Friday, January 12, 1953(4)
You last letter was a sort of puzzling one and I’m not going to attempt to analyze it yet. Keep us informed what your thinking is though. I’ll never hold you to a chance remark as being some kind of gospel, yet such offhand opinions in aggregate often give a much clearer idea of the conditions that exist and the state of your feelings than some carefully considered statement. Catch?

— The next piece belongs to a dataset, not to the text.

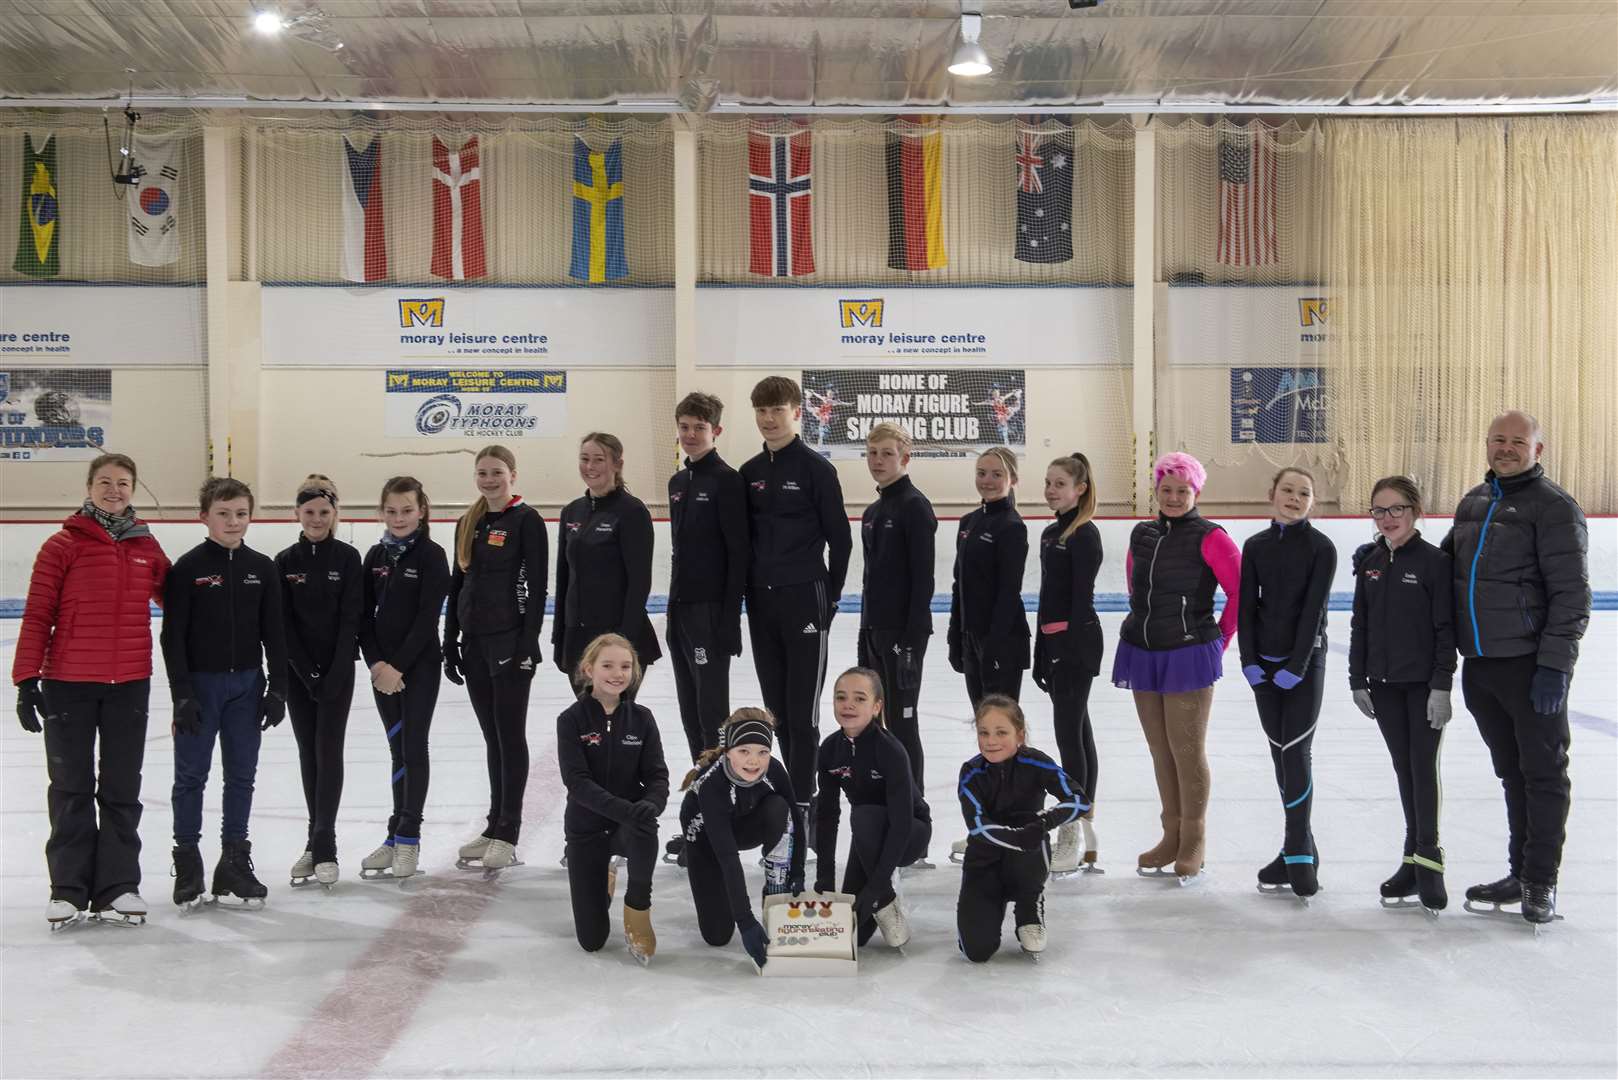 Moray Figure Skating Club has recently passed 100 medal wins in national competitions. Picture: Helen Crowley

As Dottie told me she told you we are again in the throes of the good old Academy. We have a good cartoon up, the one I narrated for you about a year ago concerning the little boy who day-dreamed: “FROM A TO Z-Z-Z-Z”. It is, I believe, a happy compromise between the stylized limited UPA-ish approach and the Disney tendency to over-animate. It was received well by the academy judging committee and I have received several enthusiastic calls from friends who saw and like it. All this adds up to the possibility of it perhaps failing to even be nominated, but I do believe that it merits that. Once again, as it must every year, we will just have to wait and see.
I woke up last Saturday feeling somehow different. I knew there was rain in the offing. Not that day because it was absolutely cloudless and sparkling, but soon, of that I was positive. Then while I was shaving I suddenly realized what was different: my hair was lying down. During all this very dry, cold weather it had a tendency to be very floaty and impulsive and get all charged up with electricity, but today it was acting like hair, very orderly and mannerly. The odd part was though that I knew it meant rain, and soon. So I told Dottie that it would rain within three days and I’ll be Billybedamned if Monday it didn’t cloud over in a lovely storm and just beat its brains out raining. Now how the devil did my hair know two days in advance and how did it know to tell me? Real bright hair.
How did the poor old woman make out? I meant to tell you that you are under no obligation to use it, show it, or preserve it. Things that are fun to do are not necessarily fun to use. I enjoyed doing it because I felt like it, but it won’t hurt my enjoyment a bit to have it incinerated or anything else that seems proper and fitting a fate. [an illustration of the song, The Poor Old Woman, She Swallowed a Fly]
Heard of a man in Greenwich Village in New York with a diabolic sense of humour who inserted an ad in a newspaper the day after Christmas GOOD PRICES FOR USED CHRISTMAS TREES and added the address of a friend. There was a traffic jam to end all traffic jams.
I love you with a curious detached fatherly attitude untouched by criticism.